When you were a child you could have had a hobby or a special collection that was your pride and joy. Perhaps it was a baseball card collection, and every Saturday on the day of addition you found yourself at the local sports store sipping the Mickey Mantle rookie card. You dreamed of that card, but the price tag did not fit properly with your financial portfolio that included $ 5 to cut the lawn once a week. At the moment you realize that the card could have done more than completed your valuable collection, you could have used it as collateral for a loan. Well, not really, but you get the point that the security of your loan can come in many forms, but its up to you to investigate your assets to get the funding you want.
Trade receivables Financing One of the most common methods of financing is called customer debt financing. This means a secured loan in which accounts receivable are used as collateral in exchange for a cash sum that will be paid within a short period of time. Typically, this kind of funding is used to help companies with a shortterm cash issue. The lender regards the age of the accounts, which means that the older is the account, the less is the value. For accounts less than thirty days old, a lender will allocate approximately 75 percent of the estimated or nominal value. The lender will also consider credit and past payment history when deciding on a loan to value relationship. When the business collects the claim, the profit is used to repay the loan or the credit. There is also a monthly interest rate calculated by applying a daily rate to receivables remaining each day the less outstanding claims, the lower the interest rate.
Investment financing Investment financing is another popular option which means that the companys current inventory is used as collateral in exchange for a secured loan. The average lender assigns a percentage of 60 to 80 percent of the value of your inventory. If you are a manufacturer with more raw materials, component parts and unfinished products, it is likely that you can only get up to 30 percent. The lender wants collateral that can quickly and easily secure funds if you have default on the loan. This type of loan is more ideal for shortterm loans and offers interest rates similar to those found in accounts receivable.
Factoring Financing Factoring is the third category of most popular forms of assetbased financing. This is the sale of accounts receivable or the sale of your future payment invoices for financing now. The factoring company buys the offered invoices and takes control of collecting the payments at the due date. You get an infusion of money immediately and do not have to worry about a future account wrong with the payment. The factoring company will use its own resources to receive payment, including debt collection fees for customers.

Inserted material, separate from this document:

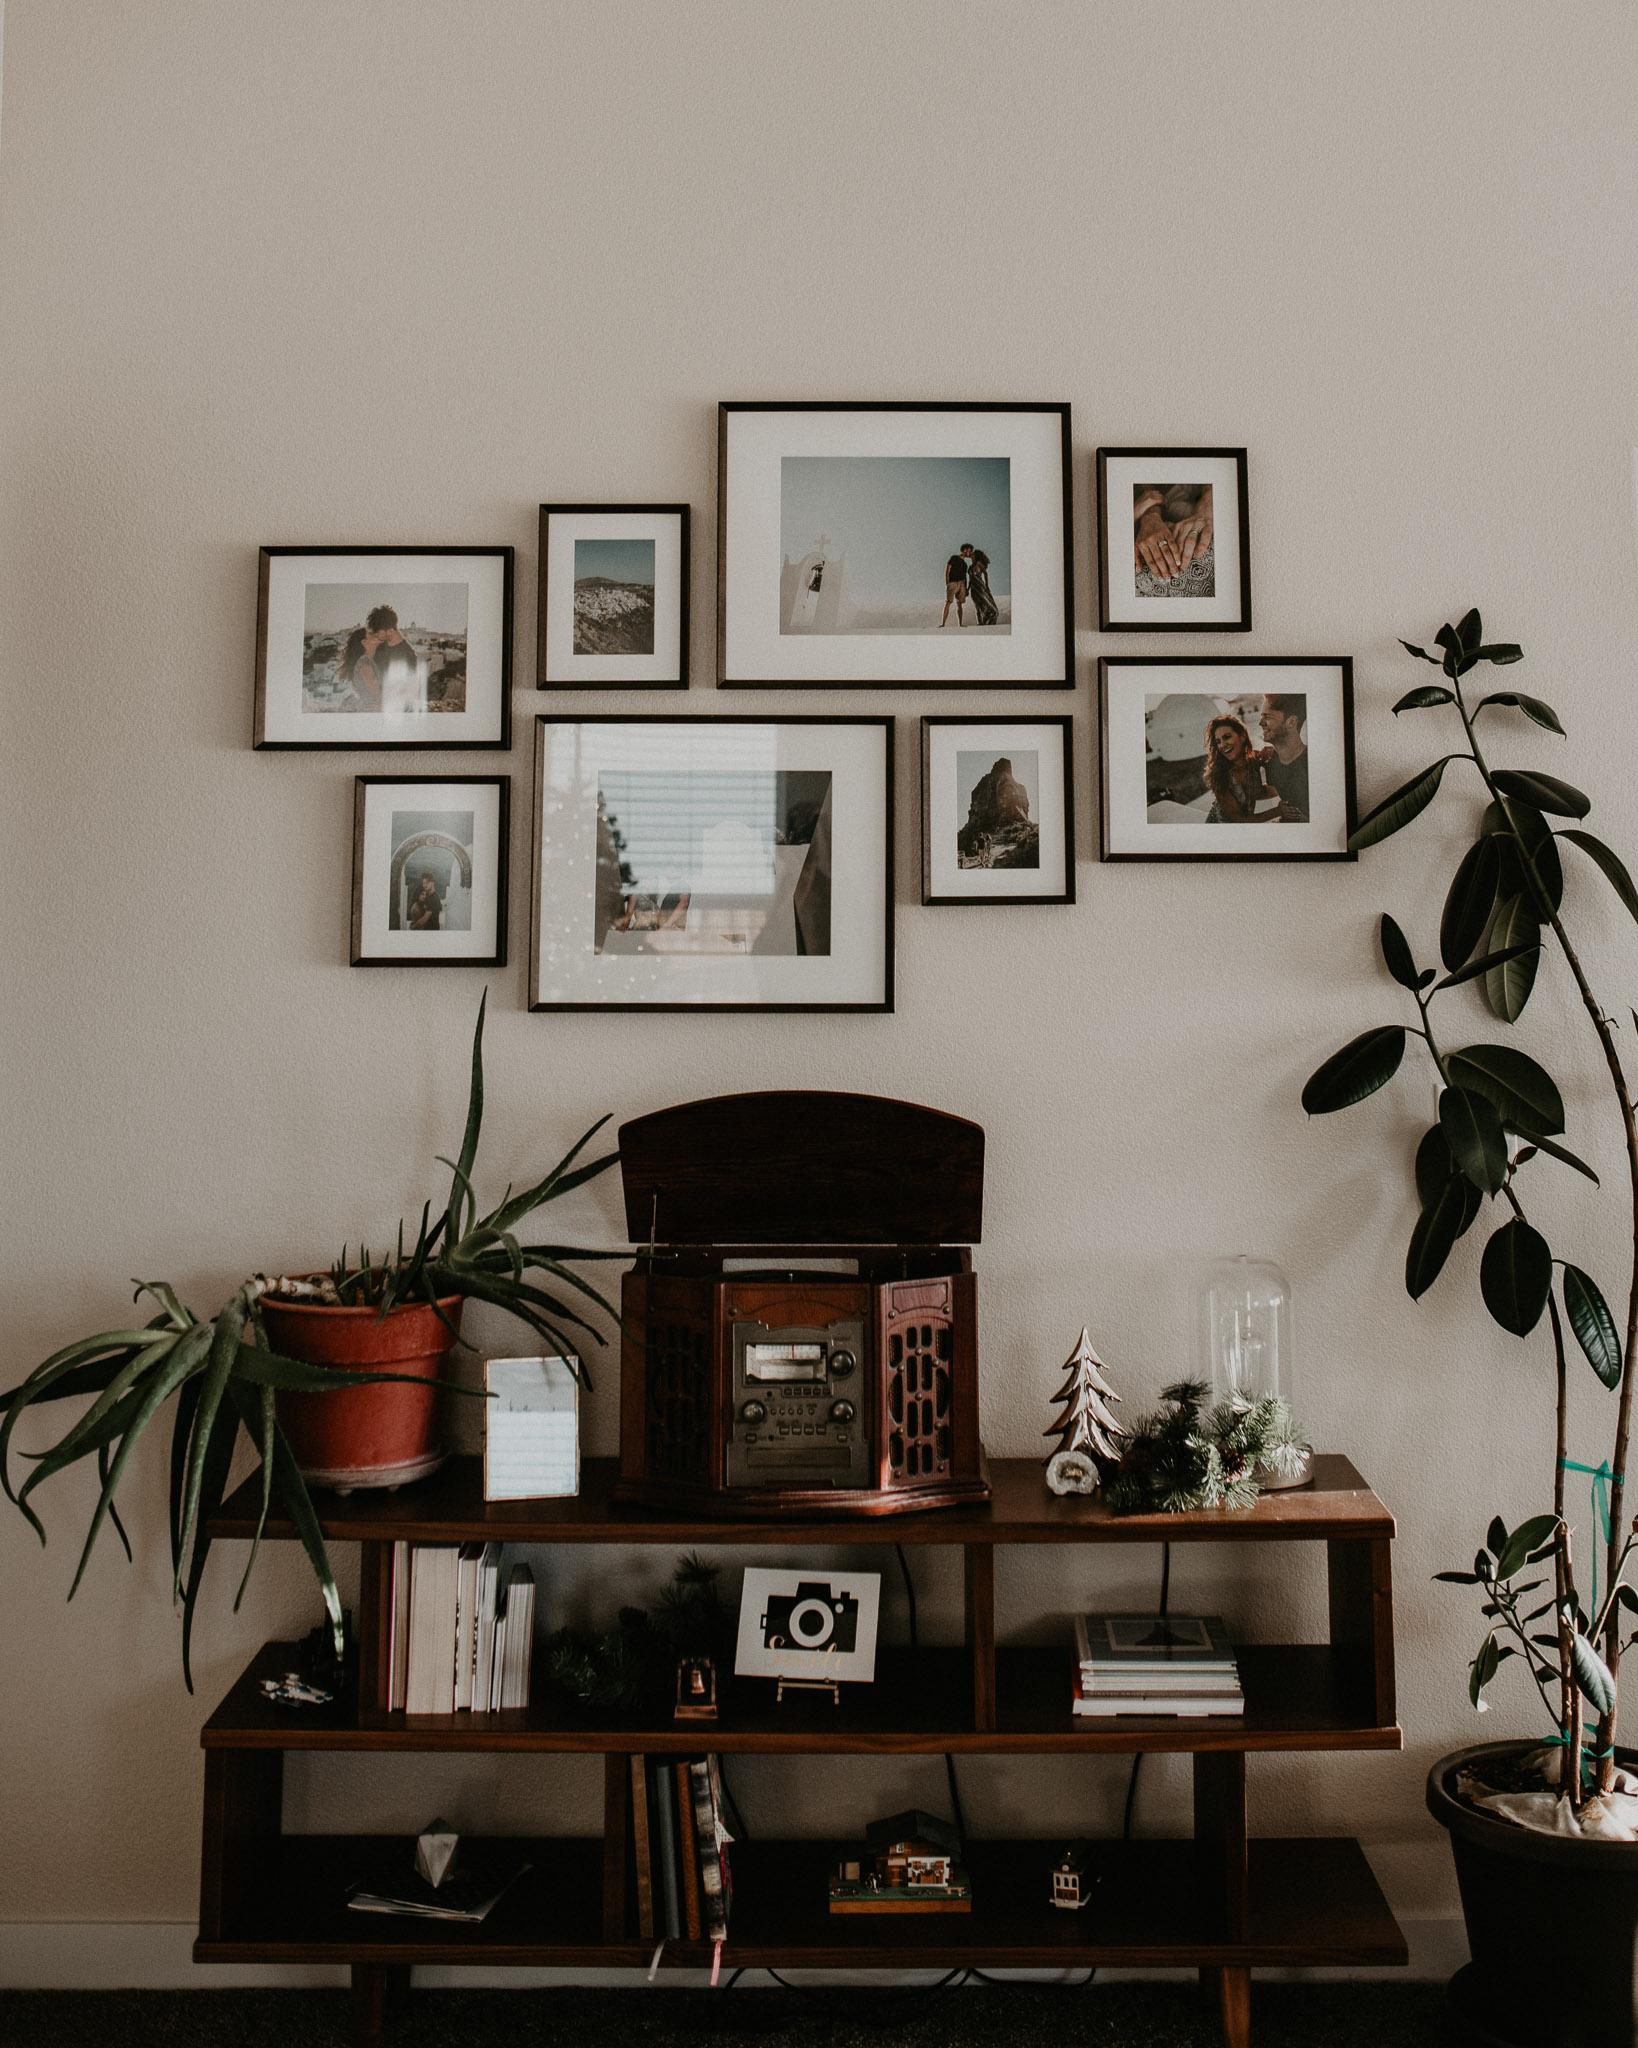 Boise Boudoir Photographer Boise Senior Photographer Makayla Madden Photography Mid Century Modern Ashlyn Bookshelf World Market Aloe Plant Record Player Vinyl Rubber Tree

It is not a particularly common method that is used in the long term, but may be more suitable for growing companies with shortterm or temporary cash flow issues. Another brand in the positive column is the fact that there is no debt involved in factoring funding. You sell these invoices and therefore conduct a transaction that is final.
On the other hand, the factoring company will discount the amount you will receive from this sale. Traditional loans will usually be cheaper than the cost of factoring. The cash rate for accounts receivable is usually 70 percent to 90 percent of the nominal value, depending on the customer credit history and the nature of your business. Another problem with using factoring is the potential damage to customer relationships. The collection measures taken by the invoice company may jeopardize an ongoing business relationship with one of your customers. A fact company has little interest in maintaining your future relationship with the debtor and some companies may be exaggerated to collect claims.
You can find the plan that is most suitable for your business, but take the inventory of these assets first and foremost. Know what you have, appreciate it and find that Mickey Mantle corresponds to what will be the last paragraph to this part of your funding puzzle. In addition, it is crucial to determine which method of obtaining the best economy for you and your business. Doing research and reading this article is a particularly smart step to take. It shows that you take a proactive role in your business.